Адмирал, в иные минуты чрезмерно чувствительный, как это свойственно людям с безудержным воображением, не сводил глаз, полных слез, с каравеллы Мартина Алонсо, сигнальные фонари которой казались теперь далекими блуждающими огнями. Прощай, Мартин Алонсо! Ведь он пошел на верную смерть! Больше никогда они не увидятся! Дону Кристобалю вспомнились его первые встречи с прославленным моряком из Палоса и их беседы у старого шкипера Перо Васкеса.
Предчувствия не обманули Колона: больше им не пришлось свидеться; Мартин Алонсо и в самом деле пошел умирать, как подобает истинному сыну морей, до последнего вздоха не выпуская из рук руля своей каравеллы, не меняя курса и придя туда, куда он задумал прийти. И, лишь увидев берега родины, он оставил руль, чтобы тут же свалиться на настил палубы и, расставшись со своей земной оболочкой, предстать перед богом, отныне единственным его капитаном.
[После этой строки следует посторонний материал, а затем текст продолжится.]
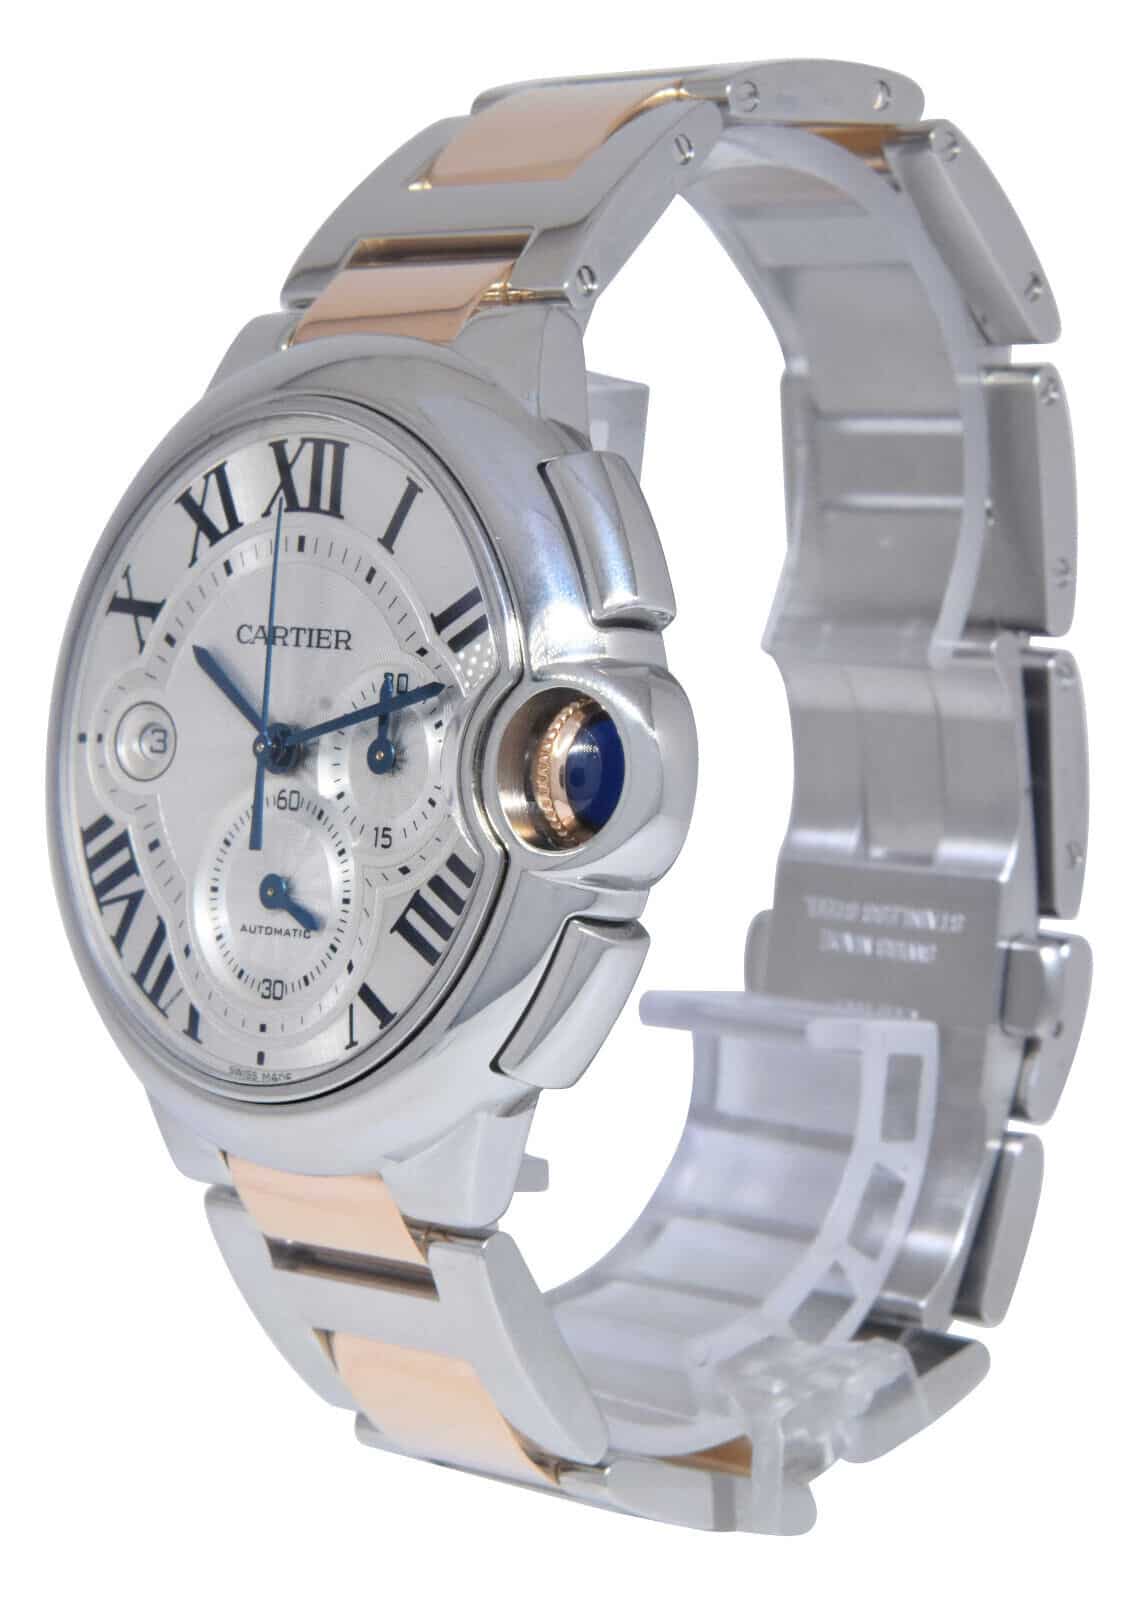 Cartier Ballon Bleu XL 44mm Chronograph 18K Rose Gold/Steel Watch W6920063  3109 - Jewels in Time

Несмотря на бурю, «Пинта» направилась к северным берегам Испании, и путь ее был прямым, как стрела; она ни разу не сбилась с курса, ни разу не зашла ни в одну из принадлежащих Португалии гаваней – это было строжайше воспрещено королевским приказом еще при отплытии из Палоса. Что до Колона, распоряжавшегося на борту «Ниньи», то, расставшись с Мартином Алонсо, он дважды подходил к владениям португальской короны, вызвав этим некоторые нежелательные последствия.
Адмирала, впрочем, недолго занимала участь его сотоварища; ему необходимо было подумать о собственной.
– Прощайте, Мартин Алонсо, прощайте, сеньор! – повторил он на рассвете, не находя над гребнями водяных гор, куда бы он ни всматривался, мачт бесследно исчезнувшей каравеллы. – Да поведет вас господь надежным путем и да спасет вас от гибели!
Ему пришлось отдаться заботам о спасении своего судна. С восходом солнца ветер усилился, и океан с остервенением обрушивал на каравеллу огромные волны. Она несла на себе только брамсель, спущенный как можно ниже, – он должен был извлекать ее из провалов между водяными громадами, наносившими ей с обеих сторон сокрушительные удары и покрывавшими ее палубу пеной. Этот единственный парус, хоть он и был сильно зарифлен, надувался так сильно, что становился почти перпендикулярно к корпусу судна, выводя его из‑под двойного низвергавшегося на него водопада.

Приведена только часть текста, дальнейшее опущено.